Len Berman replaced Bryant Gumbel as host on NBC's pregame show NFL '82. Pete Axthelm also joined the show as a studio analyst.

With games canceled during the players' strike, CBS sent Pat Summerall and John Madden, and some of their other regular NFL announcing crews, to instead call a few college football Division II and III games. NBC acquired the rights to air the Canadian Football League for those weeks, sending Dick Enberg and Merlin Olsen, and their other regular NFL announcing crews to those games.
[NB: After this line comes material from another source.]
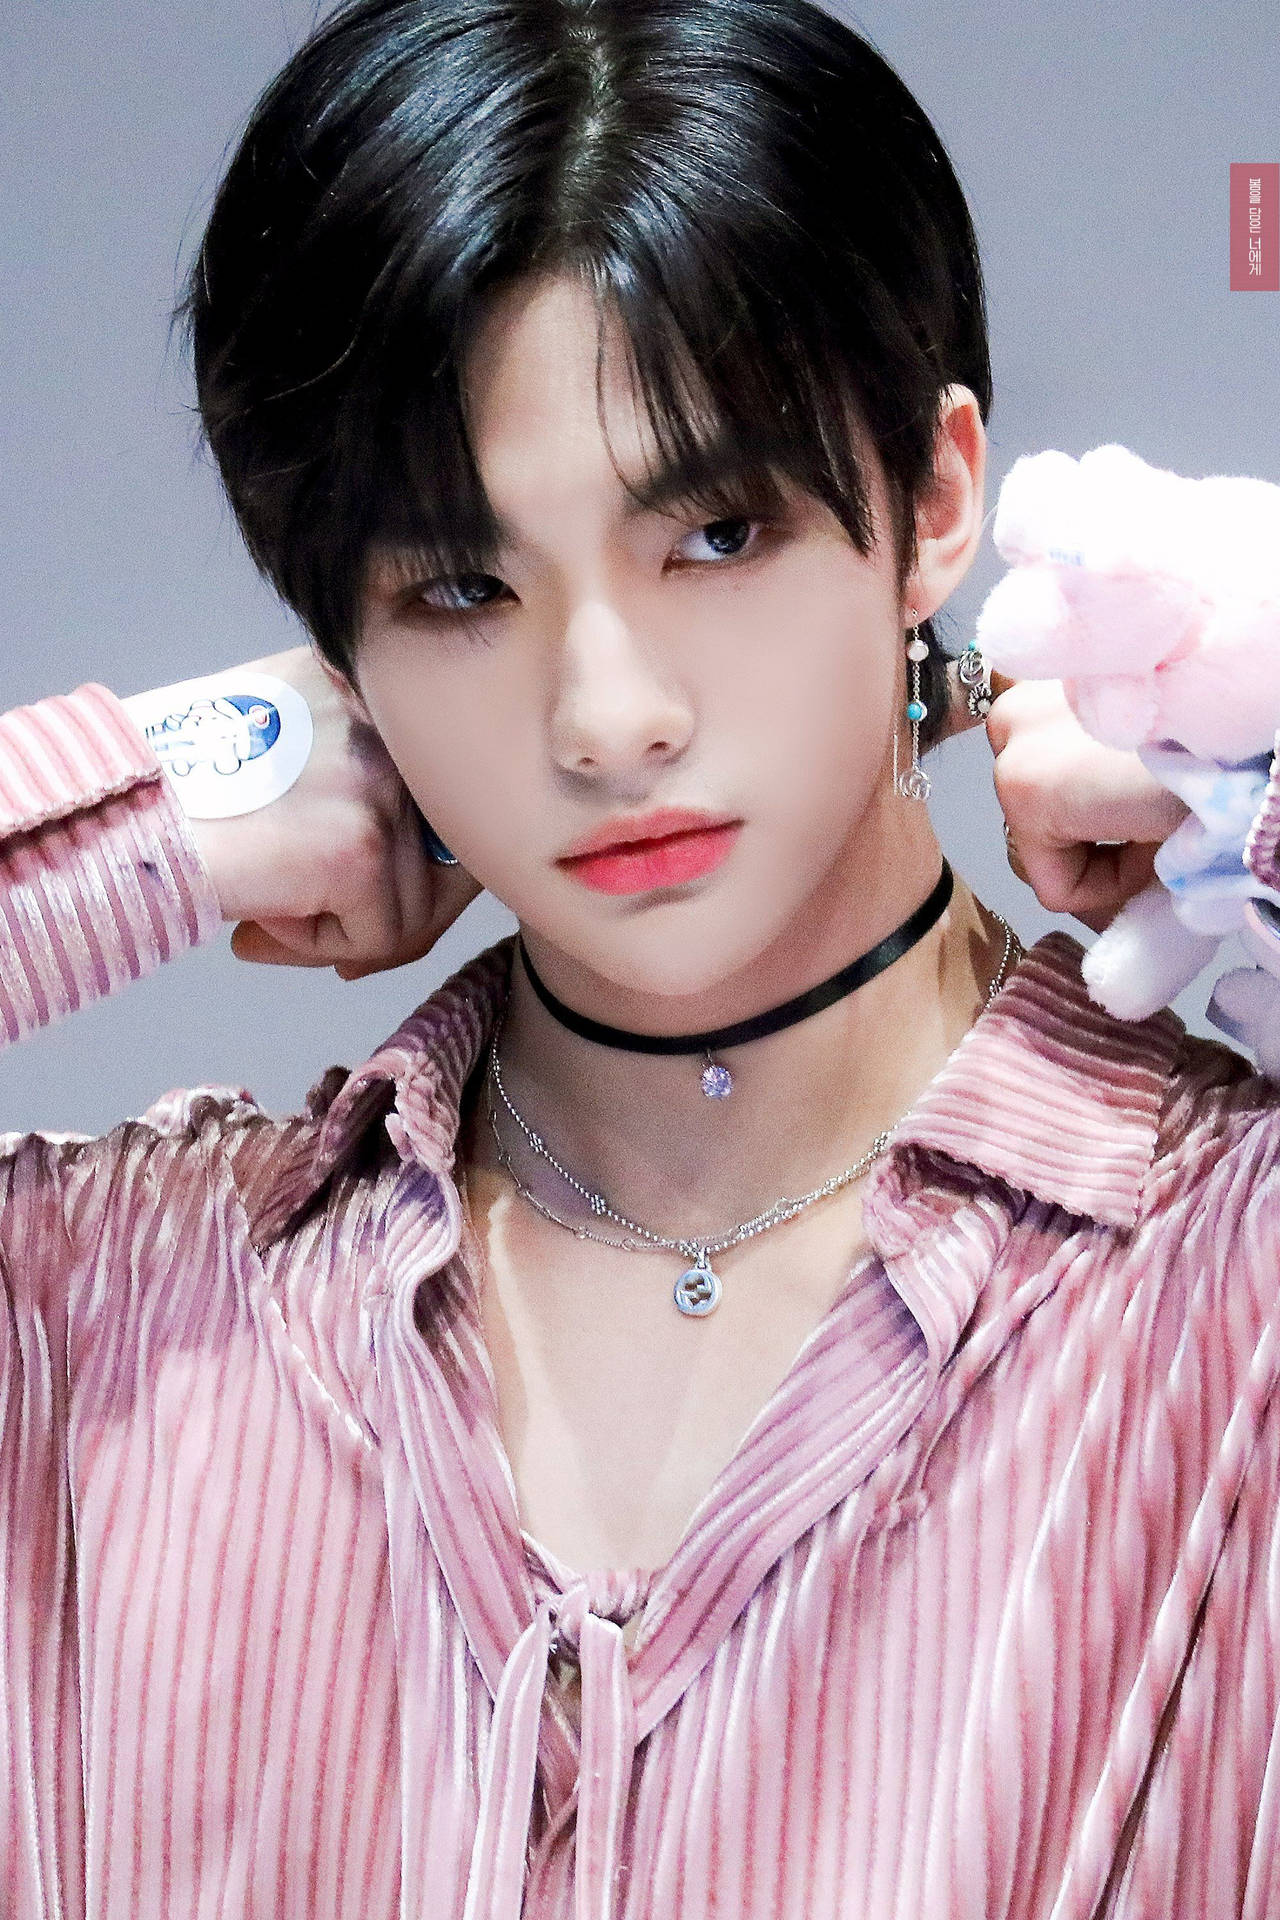 Hyunjin of Stray Kids marks the start of an exciting career! Wallpaper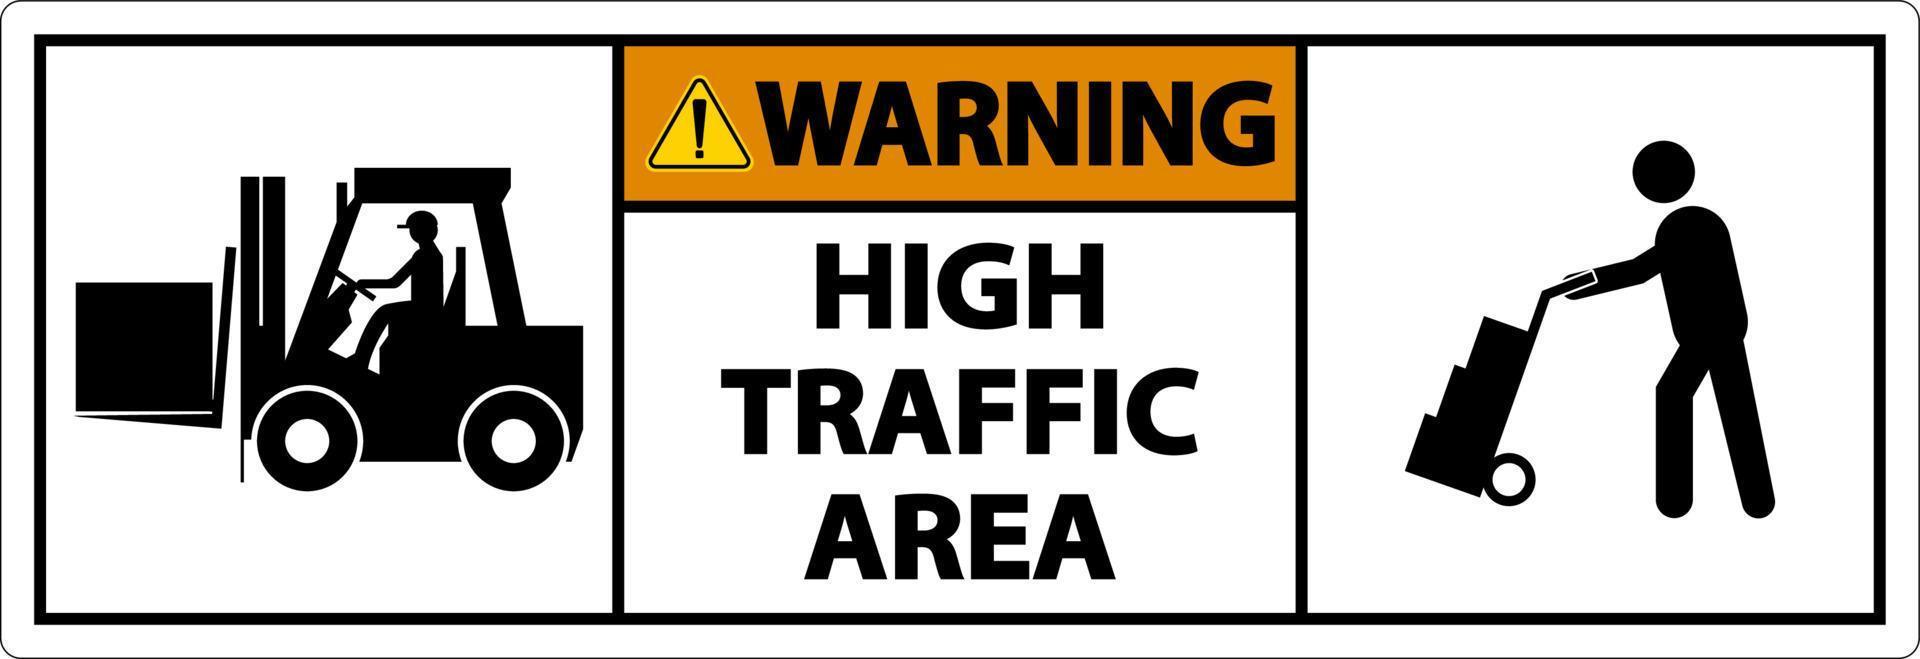 Warning Slow High Traffic Area Sign On White Background vector

During this season, the new Channel 4 in the United Kingdom began its coverage of the NFL which was to earn a substantial following during English soccer's low point of the mid-1980s. However, the first game shown—between the Dallas Cowboys and the Pittsburgh Steelers—had been played some time before it was shown in the UK, because coverage began during the players' strike.

==Deaths==

=== October ===

- October 26 – Vince Jacob, age 51. Official since 1975 (line judge 1975–77; side judge 1978 – first two weeks of 1982).

===December===
- December 11 – Rich Houston, age 37. Drafted in the 4th round of the 1969 National Football League draft, Houston played for the New York Giants 1969–1973.